The legality of martial law was re-examined in a case dealing with the Hawaiian Islands. Following the start of the war, the military placed the islands under martial law. During the war years, there were no questions about the appropriateness of or the authority for its action. But barely was the war over when the validity of martial law was tested in court, and, in a decision based on ex parte Milligan, was shot down.

Hot war became cold war, brought on by a second “Red Scare.” The House Un-American Activities Committee became permanent in 1948, and the Senate spawned a blight by which the entire era came to be known: McCarthyism. Smear tactics and innuendo dropped a curtain of fear across the United States. Loyalty oaths and blacklists proliferated, and though this latest Red Scare ended with Joseph McCarthy being censured by his Senate colleagues in 1954, its impact on political and intellectual freedom reverberated into the ’60s. Yet, backlash against the McCarthy years helped fuel the fires of the civil rights and anti-war movements and gave momentum to the chaotic sixties. Once again, the pendulum had swung back.

So far, the pendulum always has swung back, and that is important to recognize when considering the current crisis and response to it. Every American generation since the Revolution has had to wrestle with complex questions about how best to defend liberty. Some believe along with Justice Robert Jackson that the Constitution is not a suicide pact, that sometimes “the laws are not adequate to their own preservation.” [which is pretty much what President Lincoln said] Others argue along with Benjamin Franklin that there are no “acceptable” limits on liberty: “They that can give up essential liberties to obtain a little temporary safety deserve neither liberty nor safety.” And writer Tunis Wortman said at the passage of the Sedition Act of 1798, “Finding criminality in the tendency of words is an effort to erect public tranquility…upon the ruins of civil liberty.” Edmund Randolph argued that parchment guarantees offered no real protection from the abuse of authority.

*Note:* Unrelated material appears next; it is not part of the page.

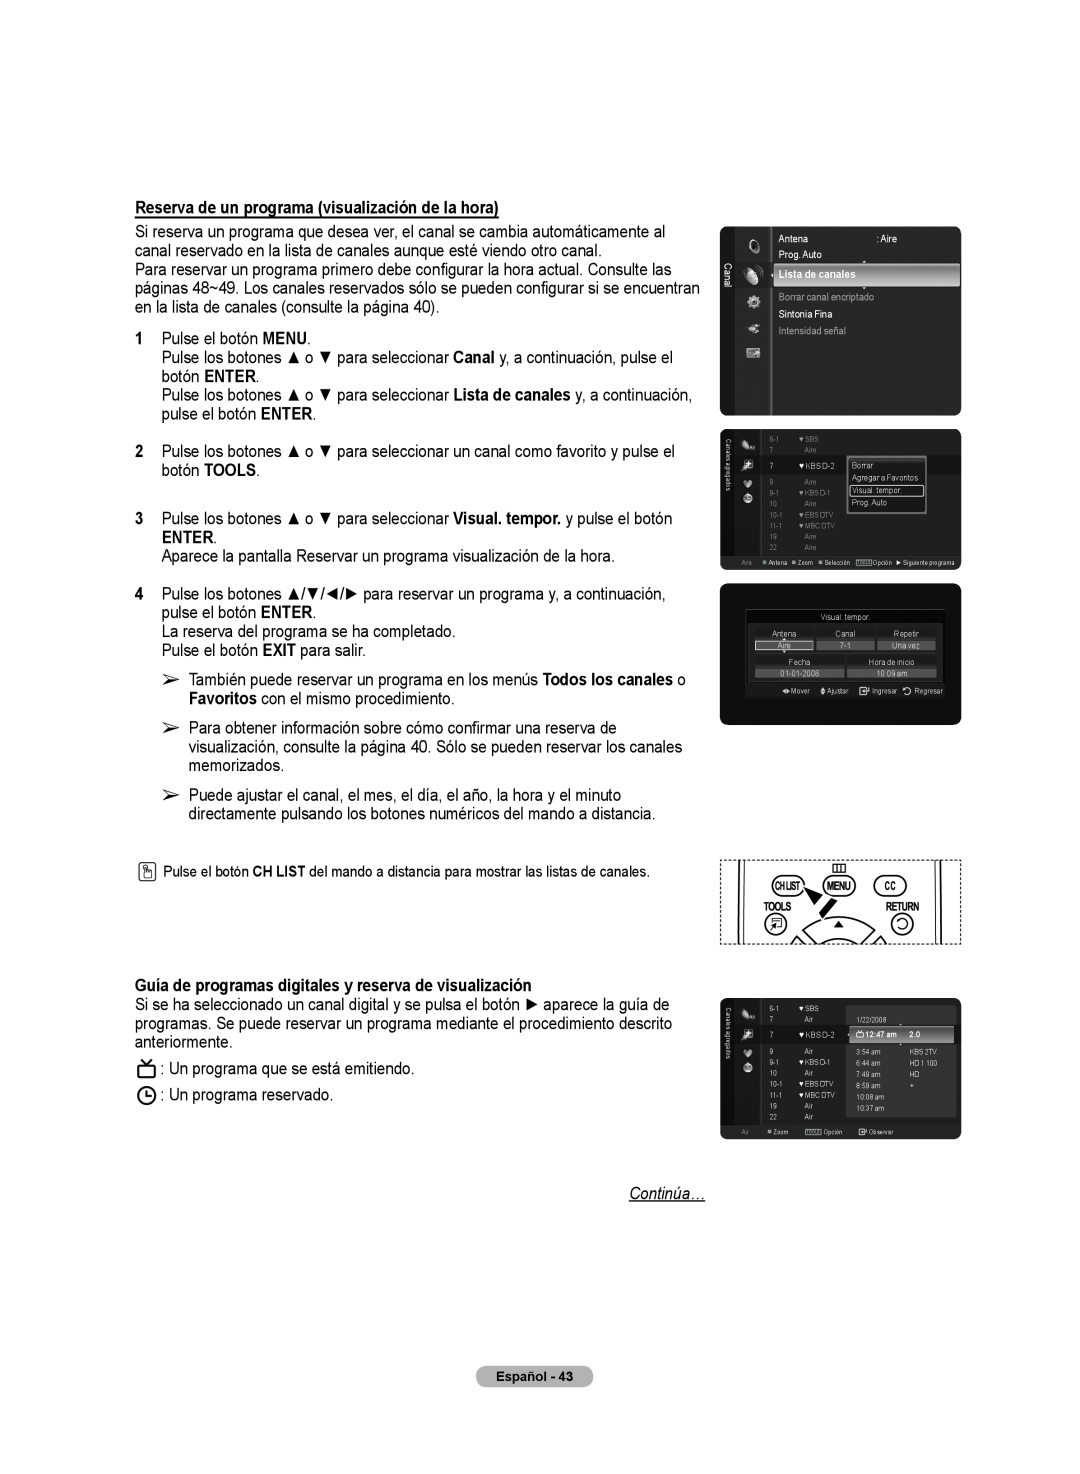 Samsung 510 Reserva de un programa visualización de la hora, Enter, Guía de programas digitales y reserva de visualización 
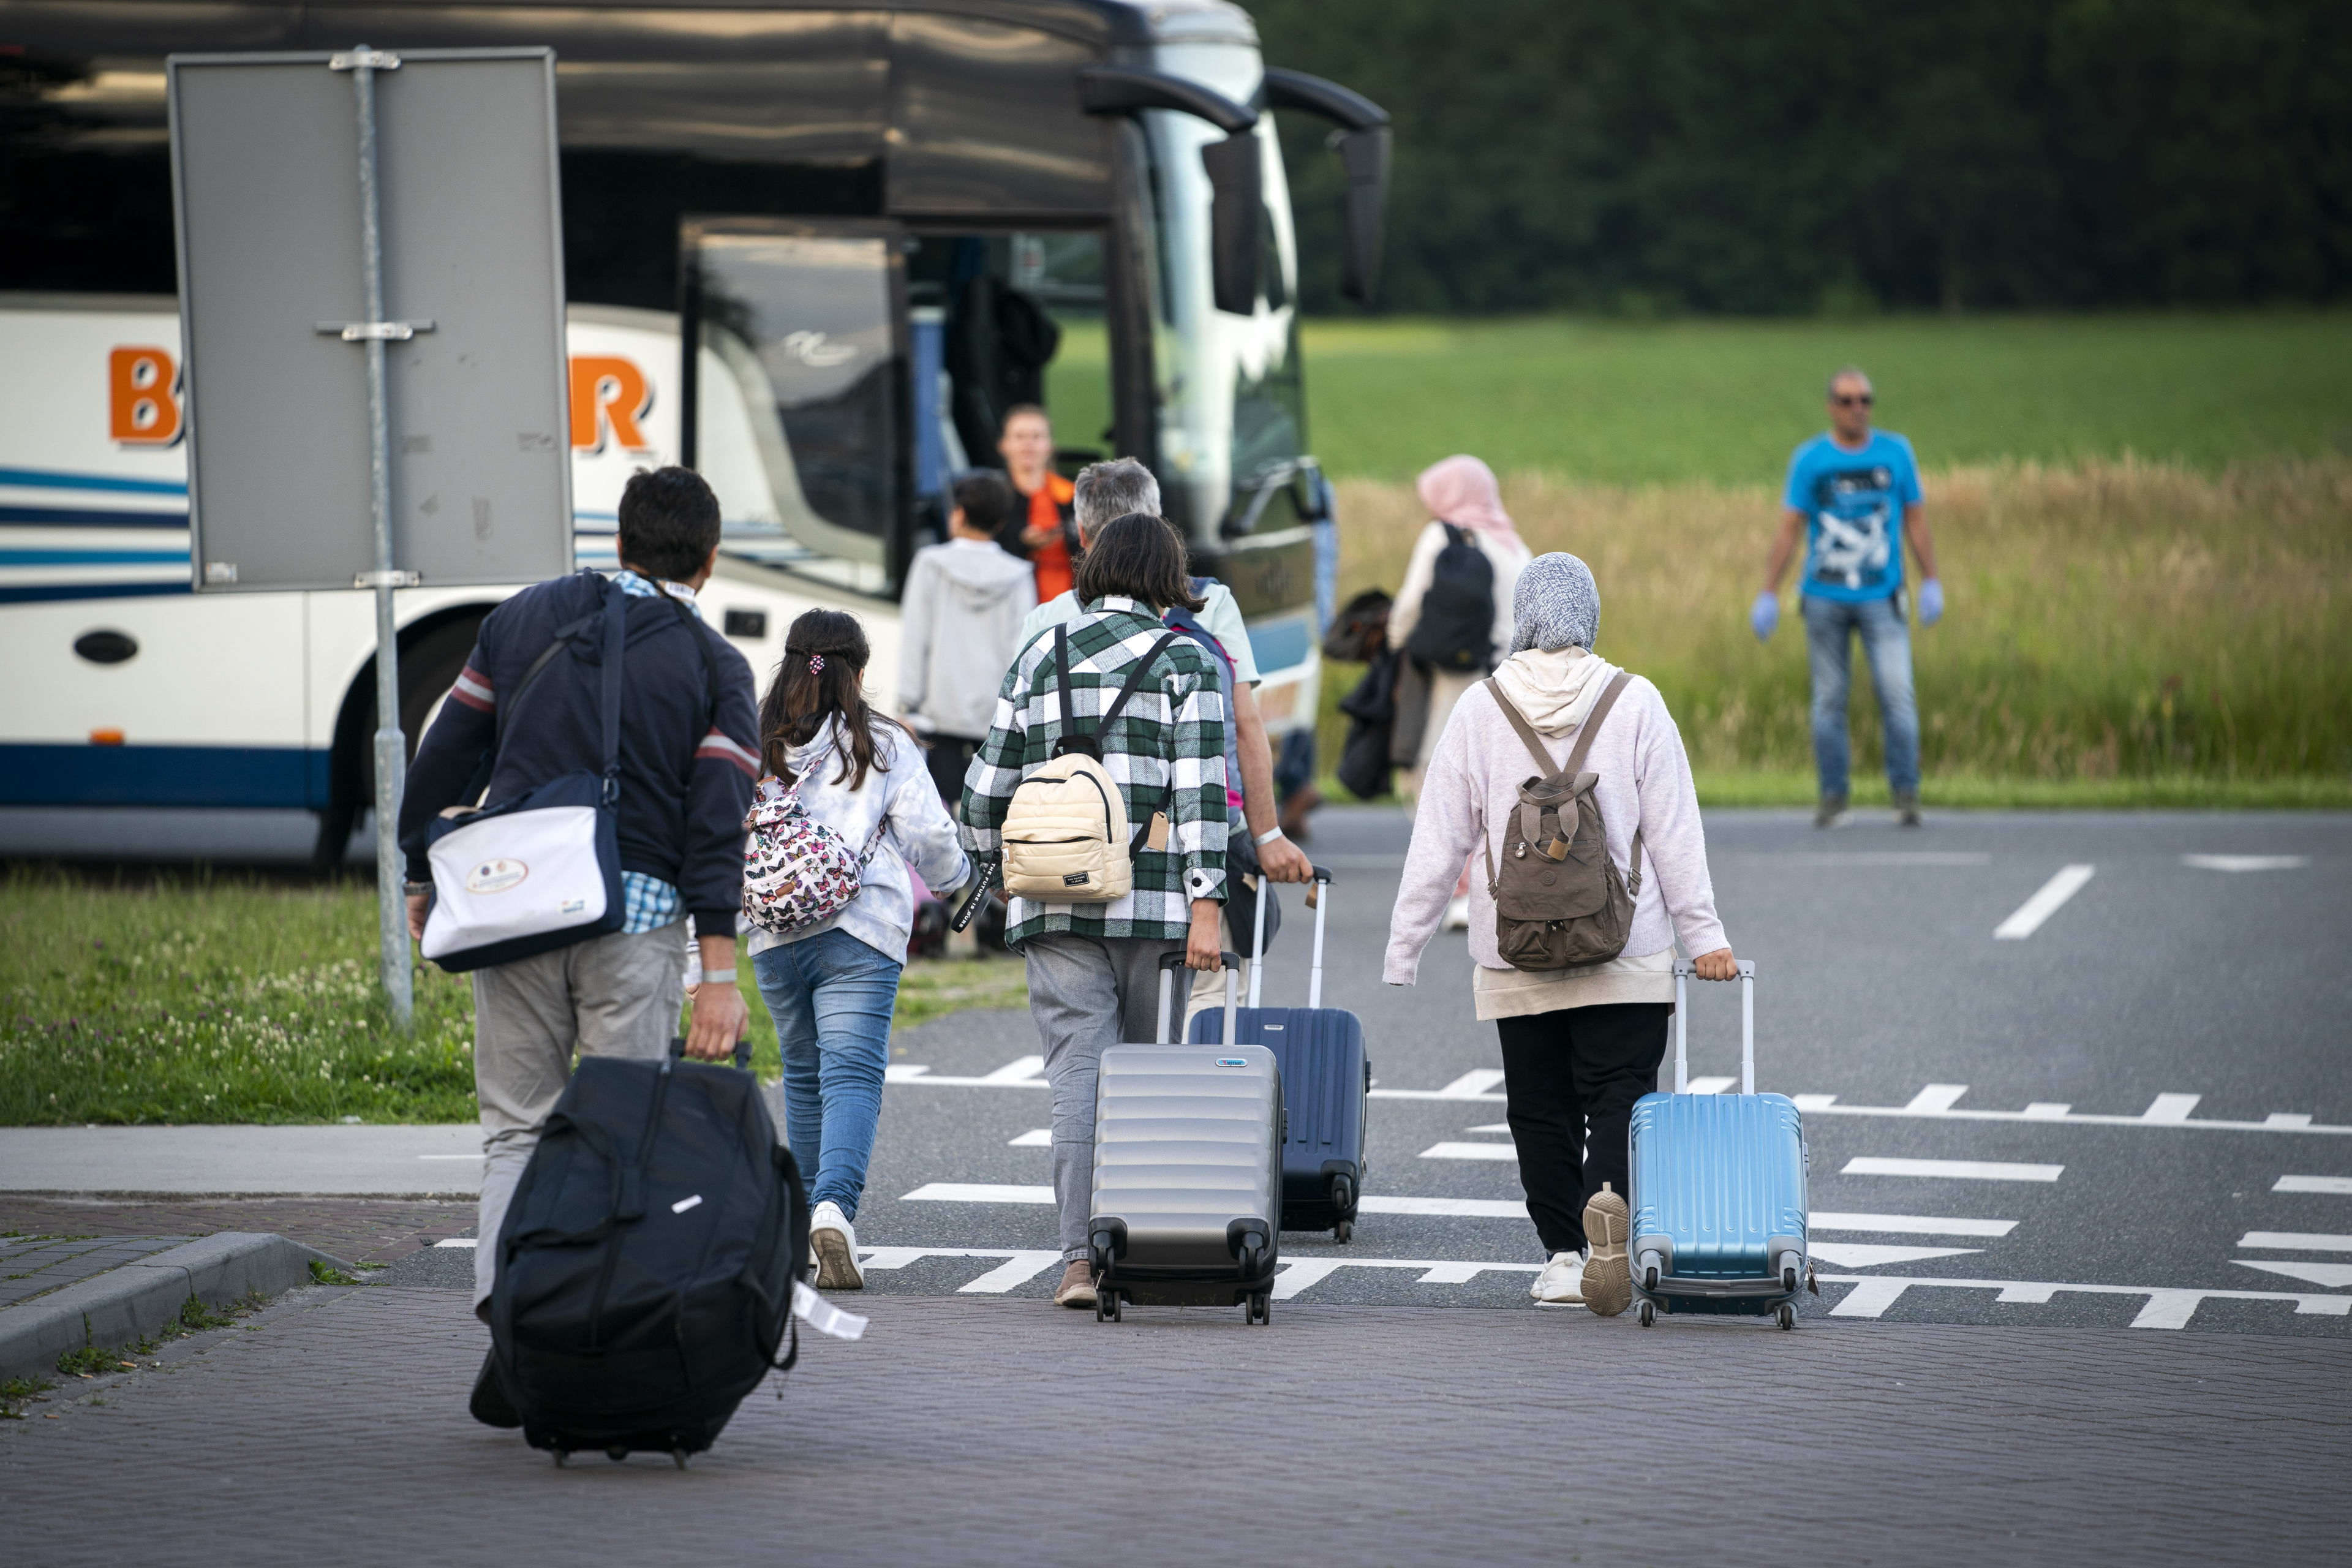 VluchtelingenWerk Nederland pleit voor meer azc's in Zeeland

Though those parchment guarantees may have bent, they have never yet broken. The obviously partisan and repressive spirit of the Alien and Sedition Acts in 1798 resulted in few prosecutions and swept a new president into office on the slogan of “Jefferson and Liberty.” The military tribunals of Abraham Lincoln during the Civil War put not a single person to death. Most of the tribunals’ defendants swore a loyalty oath to the Union and quickly went free. Once the war ended, a series of hindsight legal decisions on the one hand and a flurry of (short-lived) civil liberty–oriented legislation on the other gave strength to Lincoln’s call for a “new birth of freedom.” Similarly, the repressive actions of the Wilson administration during World War I led to a new recognition of the fundamental importance of the Bill of Rights. Time and again, during the Burr secessionist crisis, the War of 1812, the Civil War, and World War II, the imposition of martial law in regions where civil courts were functioning was determined to be illegal. After the McCarthy era, the United States entered a period of civil rights and personal liberties unprecedented in history. Time and again, the Constitution has been tested by crisis, and time and again it has proven its resilience. Legitimate concern about the impact 9/11 has had or will have on our basic liberties is appropriate and important, but it is equally important to view these events and actions through the informing lens of history. The record is not spotless, but it is impressive.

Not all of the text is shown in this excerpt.